Breathwork is the observation and/or alteration of breath during diaphragmatic or heart-focused breathing. It has its origins in breathing meditations that have been used for centuries in healing and religious traditions throughout the world. Breathing meditations are believed to have healing energy in the nilch’i (Winds) of Navajo tradition, the Hawaiian sacred healing breath, ha (Aloha is alo, the “meeting face to face” of ha, “the breath of life”) and Qigong’s “breath of no breath,” to name a few. Breath is intimately associated with the soul in nafas (“Allah’s own breath”) of Islam, the Chinese hun (“breath soul”) and neshama (meaning both soul and breath) in the Hebrew Scriptures. In the Christian scriptures, Jesus breathes on his disciples and they receive the Holy Spirit (John 20:22). The English word “spirit” comes from the Latin, spiritus, meaning both “soul” and “breath.”

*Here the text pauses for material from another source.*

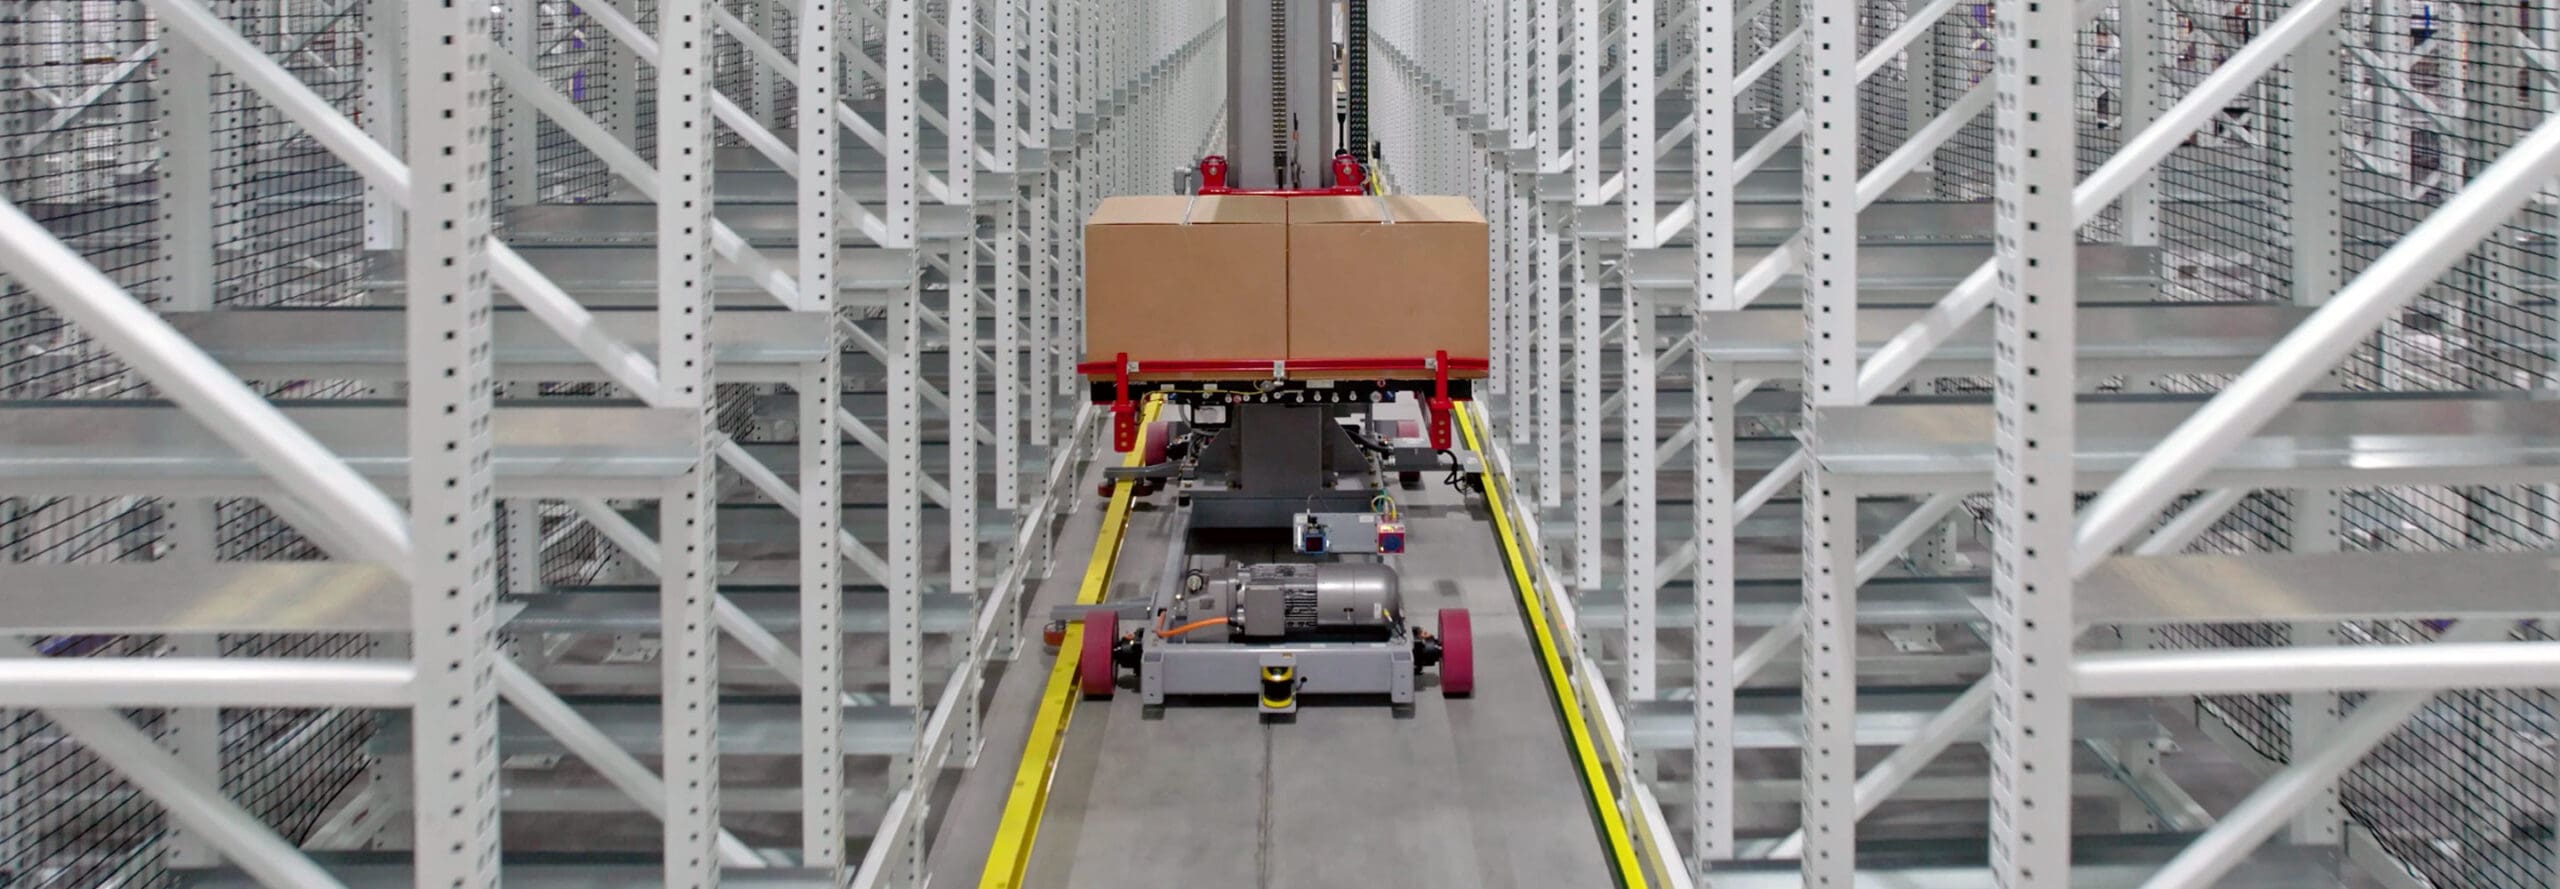 automated storage and retrieval system asrs in warehouse

Mindfulness and Psychotherapy
Mindfulness is an ancient practice recently adopted by many Western mental health practitioners. Jon Kabat-Zinn has been a leading figure in introducing mindfulness practices into Western healthcare, resulting in both mindfulness based and mindfulness informed psychotherapies. The term mindfulness refers to a Buddhist method of examining experience (thoughts and emotions) with non-judgmental awareness. Psychotherapeutic adaptations of this practice are used to help free the mind from its preoccupation with and assumptions about, experience. Research suggests that mindfulness may be effective in treating attention, mood, and stress disorders.